Harms worked for five years in Greece, has a Greek wife and son who was born in the country, which two of TMA Bulk’s three founding partners call home.
TMA Bulk was created in early 2020, when Greek shipowners M/Maritime and Ariston Navigation Corp teamed up with Germany’s Termgroup.
“Things have developed very well since then,” said Harms, who is the company’s managing partner.
The venture quickly doubled the number of its initial pool members, drawing in the UK’s Denholm Shipping, Japan’s Chofuku Kisen and German liner service company MACS Maritime Carrier Shipping.
This growth is also reflected in the size of its fleet, which increased from an initial 18 vessels to 30 — all but one is a handysize.
“At any given time, we’re controlling between 25 and 30 ships, and the main focus is on handysizes,” Harms said.
With more vessels to manage, staff numbers rose as well from an initial 10 employees to 18 — all based in offices that overlook Hamburg’s Grasbrook district, south of the Elbe river, and a stone’s throw away from the city’s futuristic-looking philharmonic building, also by the Elbe.
Its Greek-German origins and its fancy location aside, the company claims it has plenty of other features that set it apart.
“We have this slogan that we’re a pool created by shipowners for shipowners,” Harms said.
One facet of this is that the pool is careful to make its ships carry so-called “clean” cargoes, mostly grains, alumina or fertilisers, rather than cement or scrap.
More importantly, TMA Bulk likes to point to close relations with major charterers that give it access to cargoes through contracts of affreightment.
“In comparison to other pools, we’re not a pure time charterer pool, which means we’re also securing our income with cargoes,” Harms said.
The firm cooperates closely with several major miners, energy majors and commodity houses including Rio Tinto, Glencore, Viterra, Bunge, Cargill, Louis Dreyfus and BP.
“We have a very big variety of clients, probably more than 100,” Harms said.
Increasing exposure
Whenever such cargoes cannot be serviced through TMA Bulk’s core fleet of its pool partners’ 25 handysizes, it charters in vessels from third parties to execute the voyages.
It is on this basis that TMA Bulk has occasionally chartered-in ultramaxes in the past and currently has a supramax in its fleet.
The company does not rule out increasing its exposure to such vessels eventually.
“The knowledge to be active in both sectors is already there,” Harms said, adding quickly that the focus will remain on handysizes.
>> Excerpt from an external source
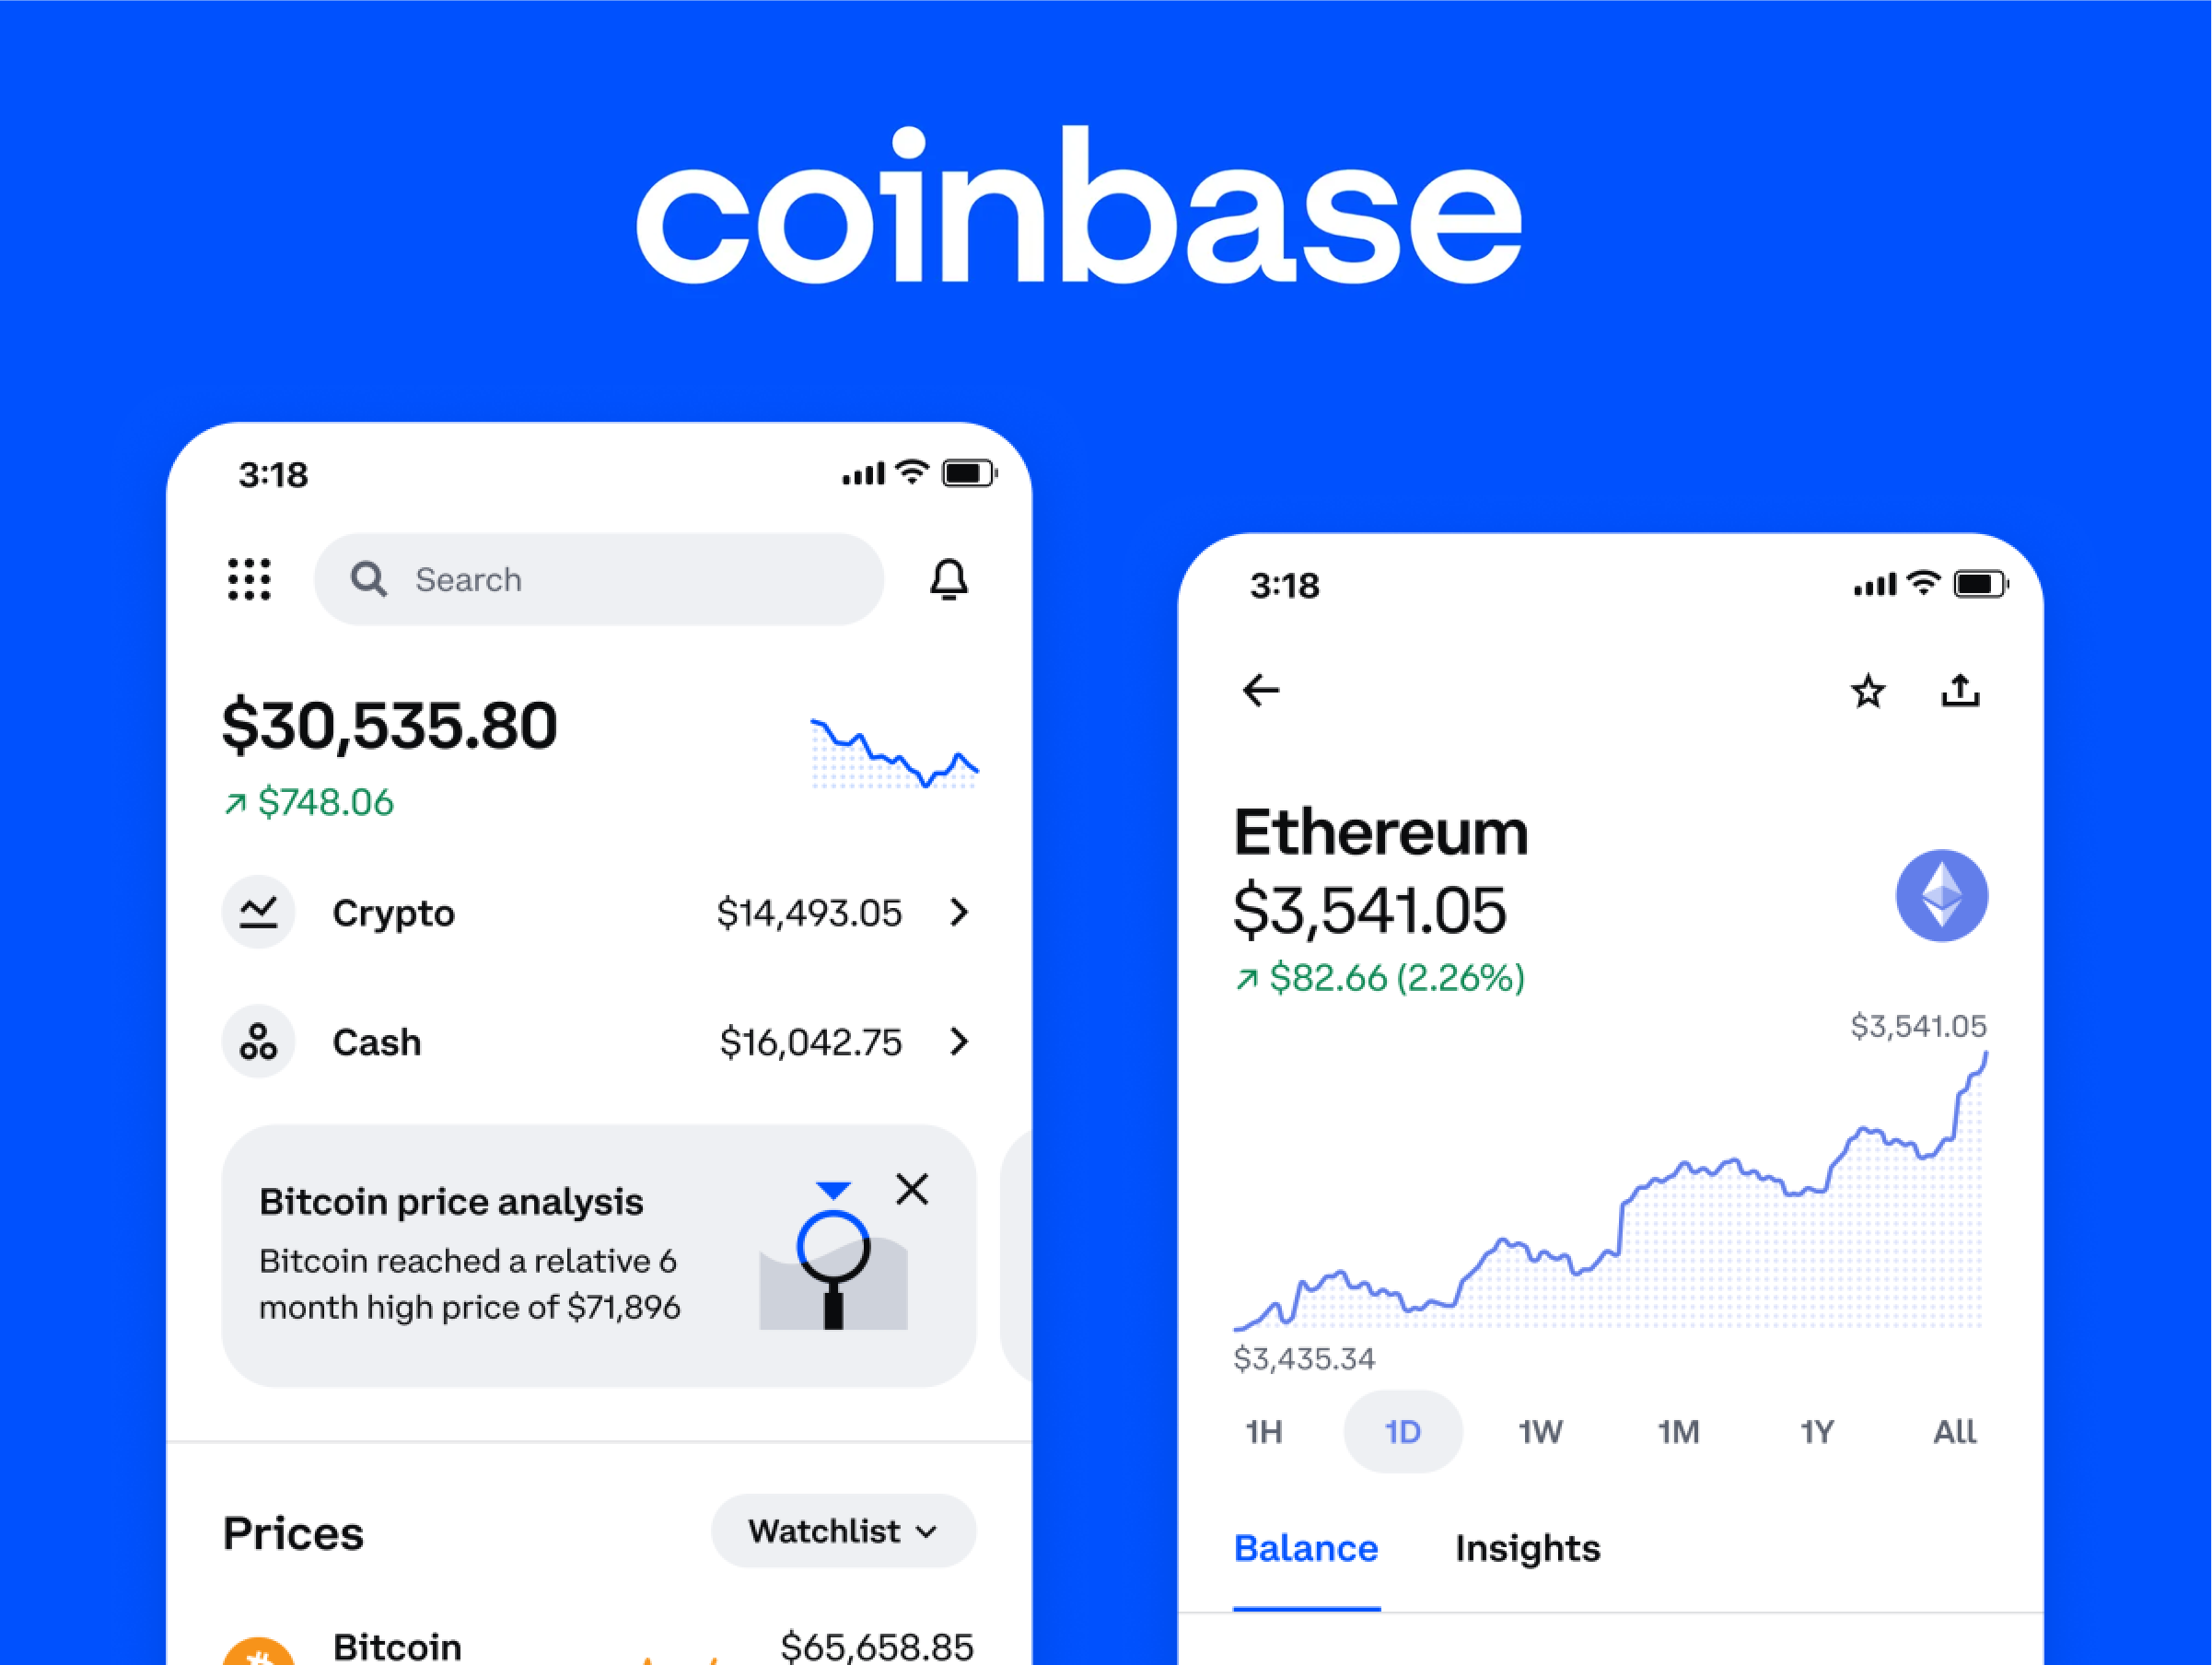 Coinbase advertisement featuring two smartphone screens. The left screen shows a portfolio balance of $30,535.80 with assets in crypto and cash, and a Bitcoin price analysis. The right screen displays an Ethereum balance of $3,541.05 with a price chart showing its recent performance. The Coinbase logo is prominently displayed at the top of the image on a blue background.

Outperforming the Baltic Exchange Handysize Index — based on a 38,000-dwt ship type — net of commissions, by 13% so far this year, is one of the company’s main selling points to draw in pool members.
The company ascribes this performance to a strategy combining cargo contracts, period coverage and forward freight agreements, and bunker hedging.
No formal limits are set on potential members’ eligibility.
New vessels have to fit the company’s existing fleet but that does not mean that TMA Bulk will refuse ships older than its current fleet average age of just five years.
“We also have 2011-built ships in our fleet that are fantastic,” Harms said.
Late last year, the company set up a dedicated ship performance and efficiency department to make sure its ships become more efficient.
Manned by an engineer with sailing experience and who fulfilled similar tasks at AP Moller-Maersk, the department monitors pool vessels’ performance and provides ideas about how it can be improved.
“That’s a very big plus for us,” said Harms. “We have a very modern fleet, our ships have always run very efficiently but we still saw areas where we thought that we can and must improve.”